A circRNA from SEPALLATA3 regulates splicing of its cognate mRNA through R-loop formation
Nat Plants. 2017 Apr 18;3:17053
Conn VM, Hugouvieux V, Nayak A, Conos SA, Capovilla G, Cildir G, Jourdain A, Tergaonkar V, Schmid M, Zubieta C, Conn SJ

Circular RNAs (circRNAs) are a diverse and abundant class of hyper-stable, non-canonical RNAs that arise through a form of alternative splicing (AS) called back-splicing. These single-stranded, covalently-closed circRNA molecules have been identified in all eukaryotic kingdoms of life1, yet their functions have remained elusive. Here, we report that circRNAs can be used as bona fide biomarkers of functional, exon-skipped AS variants in Arabidopsis, including in the homeotic MADS-box transcription factor family. Furthermore, we demonstrate that circRNAs derived from exon 6 of the SEPALLATA3 (SEP3) gene increase abundance of the cognate exon-skipped AS variant (SEP3.3 which lacks exon 6), in turn driving floral homeotic phenotypes.

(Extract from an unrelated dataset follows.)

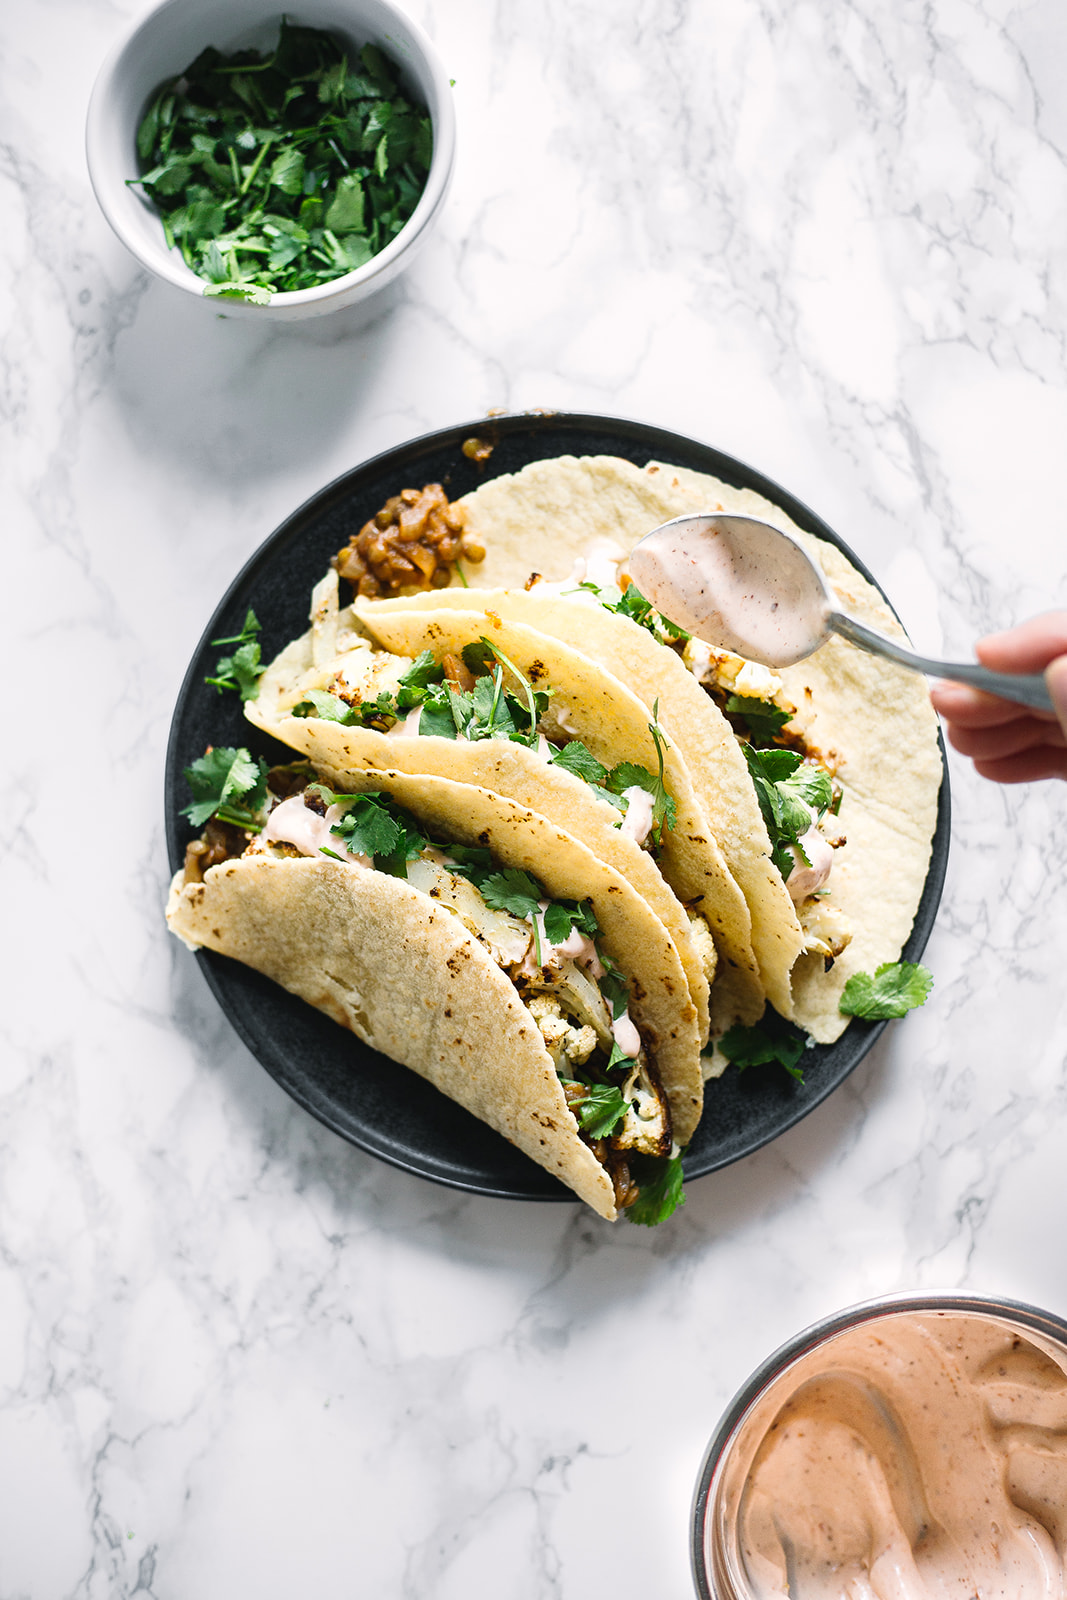 Cauliflower and Lentil Tacos
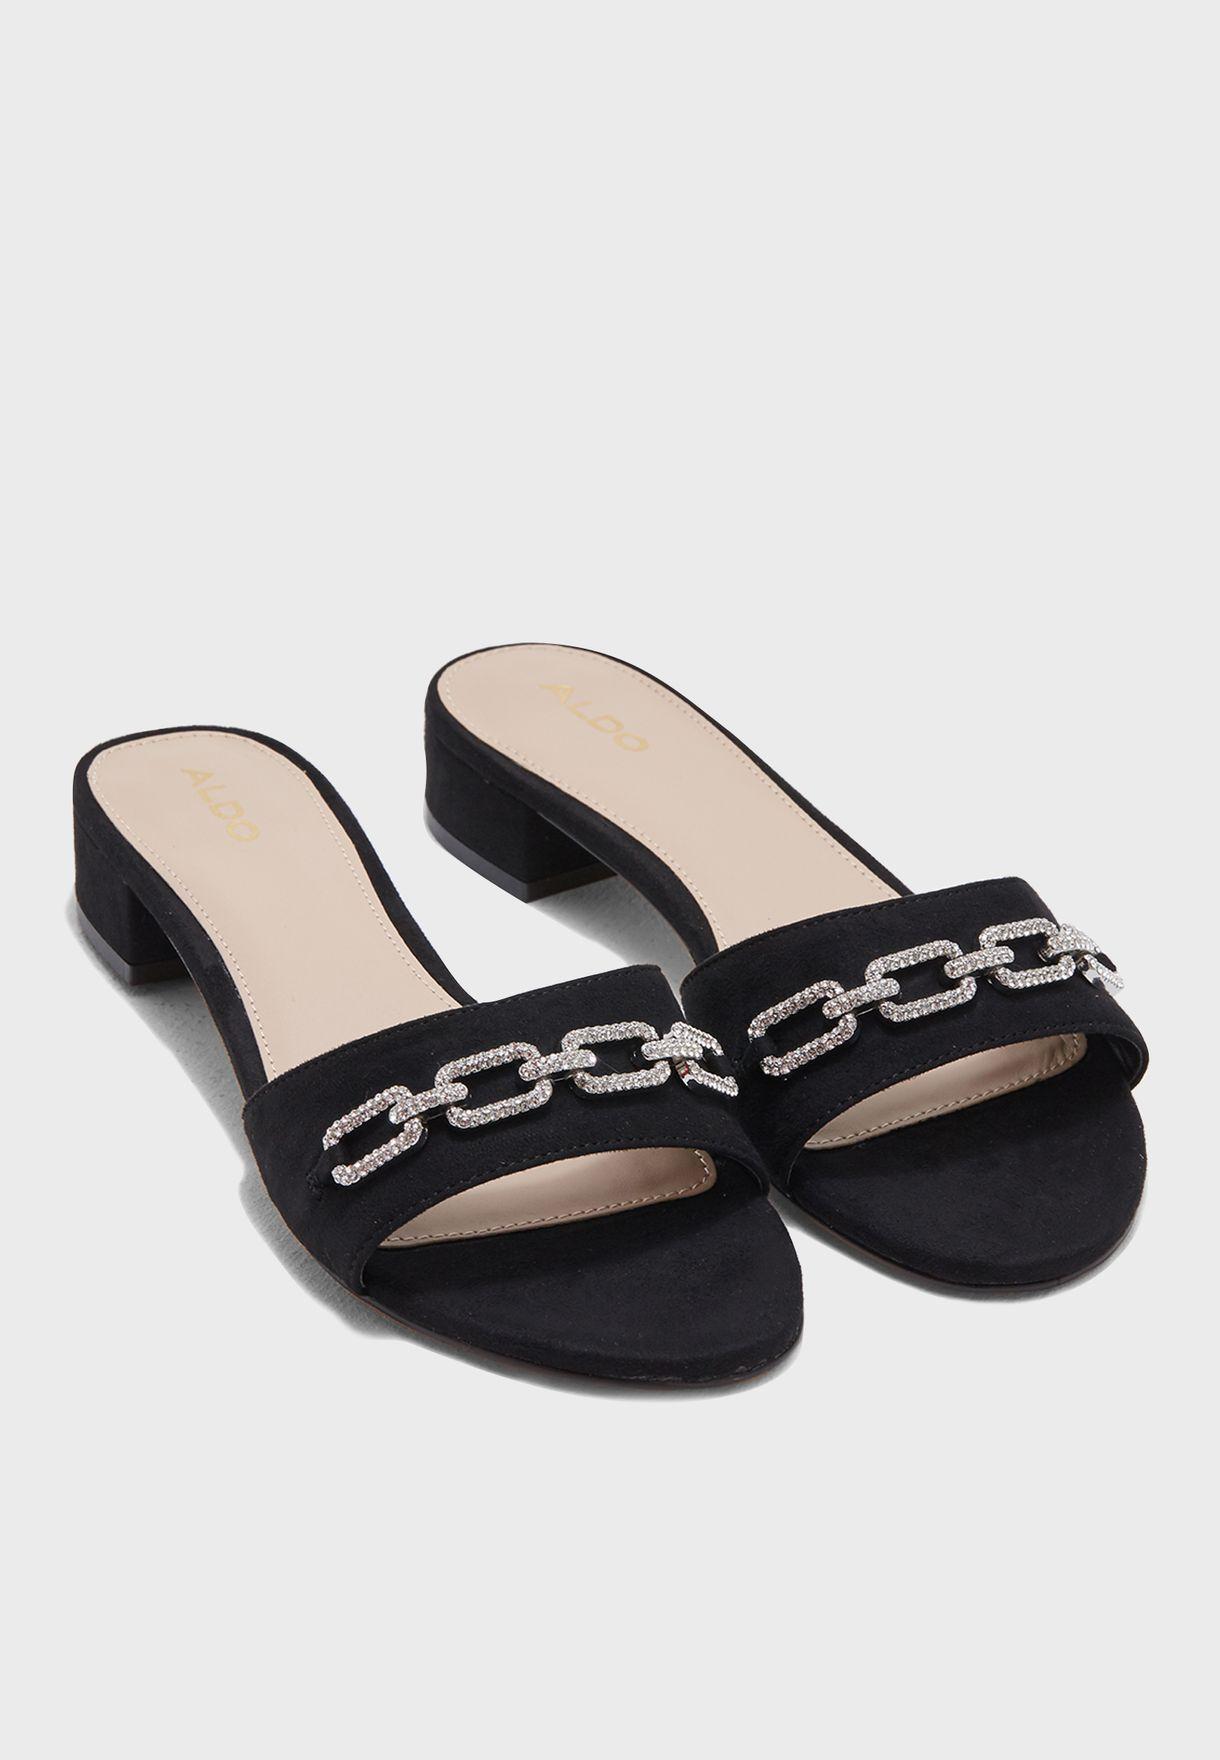 ca524a44bef Shop Aldo black Galiaclya Sandal GALIACLYA98 for Women in Saudi ...

Toward demonstrating the underlying mechanism, we show that the SEP3 exon 6 circRNA can bind strongly to its cognate DNA locus, forming an RNA:DNA hybrid, or R-loop, whereas the linear RNA equivalent bound significantly more weakly to DNA. R-loop formation results in transcriptional pausing, which has been shown to coincide with splicing factor recruitment and AS2-4. This report presents a novel mechanistic insight for how at least a subset of circRNAs probably contribute to increased splicing efficiency of their cognate exon-skipped messenger RNA and provides the first evidence of an organismal-level phenotype mediated by circRNA manipulation.